Anyone who has watched Alty since the early 1990s will recollect (with a considerable degree of anguish) a dark period throughout which Gateshead appeared to have some sort of unbreakable hoodoo over the Robins.

Alty recorded a trio of comfortable victories over the Heed during the 1990/91 season, however, thereupon things deteriorated rather alarmingly in the shape of a sequence of 11 consecutive games without a win against the Tynesiders.

This wretched jinxed run commenced with a 1-1 GMVC stalemate at Moss Lane on Tuesday, 24th September 1991, whereupon a truly hellish series comprising nine successive defeats in GMVC and Bob Lord Trophy matches duly ensued, during which the Gateshead goalscorers somewhat inevitably comprised either Paul Dobson or Alan Lamb.

This calamitous losing streak was finally halted by means of a 1-1 GMVC draw at Moss Lane on Monday, 28th August 1995 and the ostensible Heed curse was finally exorcised via an overdue 3-2 GMVC triumph for the Robins at the Gateshead International Stadium on Wednesday, 27th March 1996.

I travelled to that particular game in the illustrious company of both the then Altrincham FC Director Mark Harris and current Radio Robins mogul Brian Flynn and I recollect that matters were taking an all-too-familiarly dispiriting course when goals from Kenny Cramman and Steve Harkus put the hosts 2-0 up after merely 17 minutes had elapsed. However, Alty promptly rallied via a 22nd-minute Stuart Terry penalty and Niell Hardy restored parity after 62 minutes. With just two minutes of normal time remaining, Paul France proceeded to pop up with a dramatic winning goal, thereby inducing euphoric scenes amongst the Alty diehards in the crowd of 357.

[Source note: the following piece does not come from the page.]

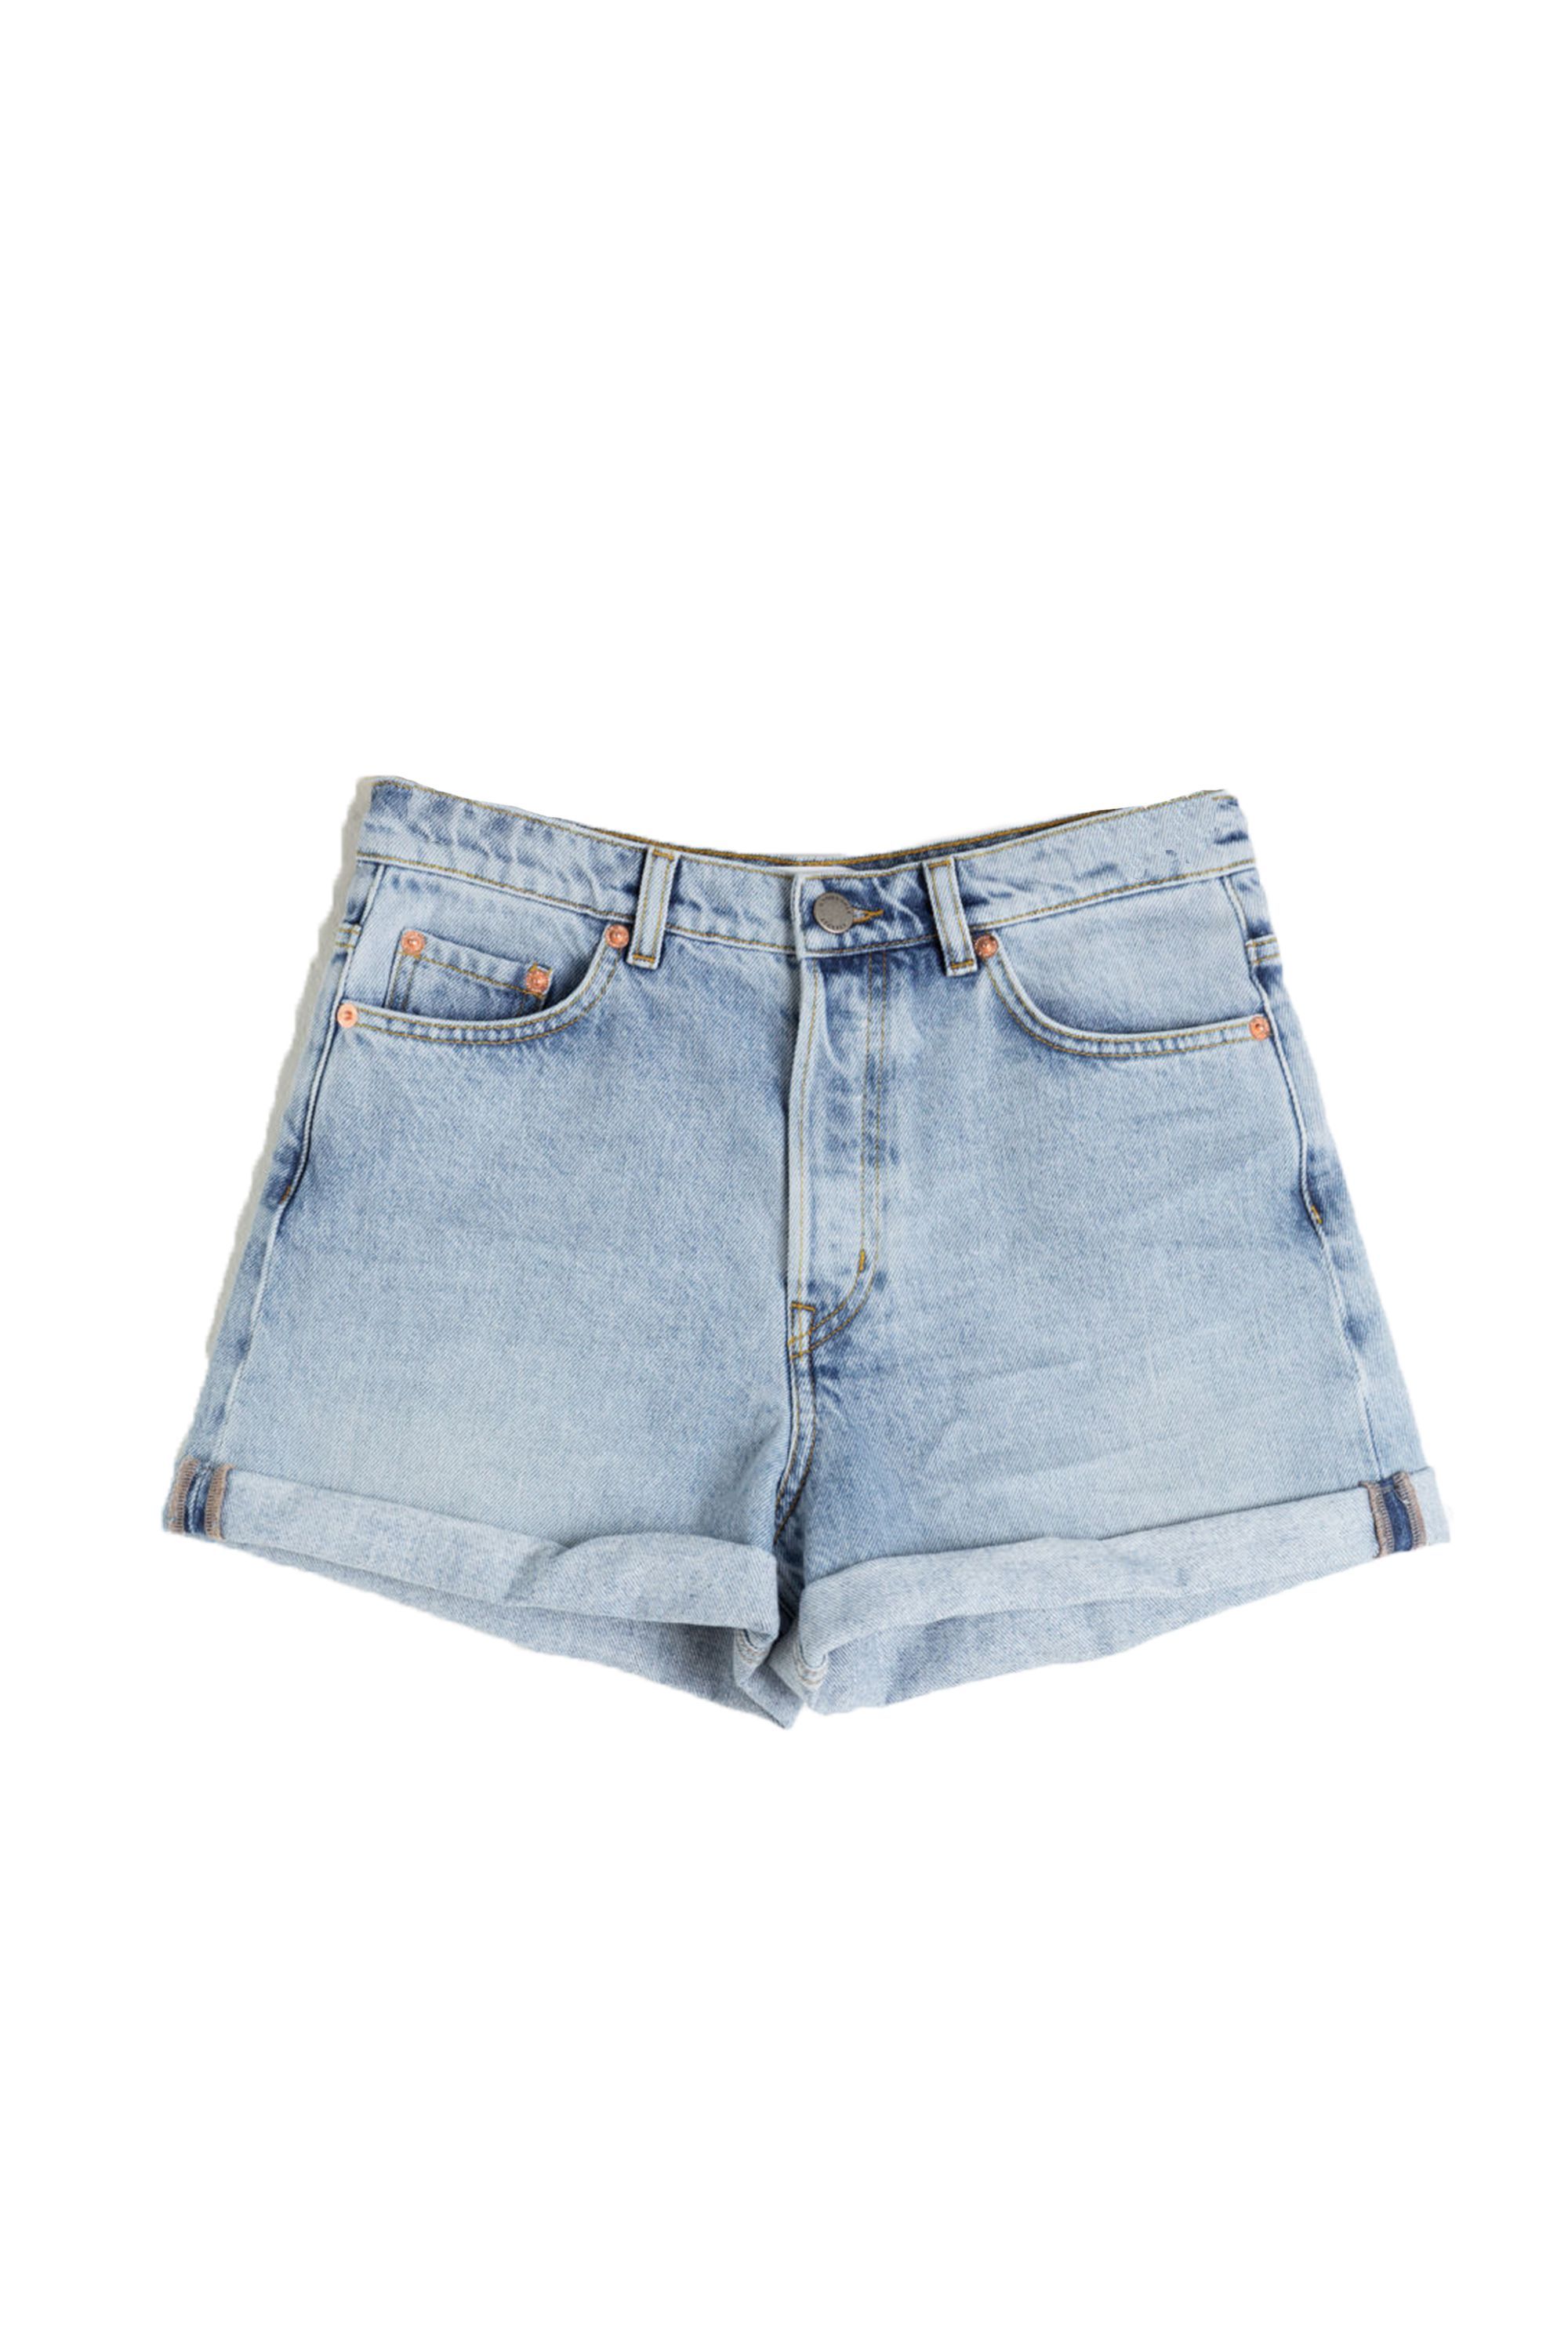 where to get cute shorts

The charismatic former Bolton Wanderers central midfielder Tony Kelly graced the Robins’ line-up on that evening and, as he sprayed passes around the pitch with uncanny accuracy whilst never threatening to break into a either a run or a sweat, I recall thinking that an athletics stadium was an entirely appropriate venue for his ample figure, which bore a passing resemblance to that of a 1970s East German female shot putter.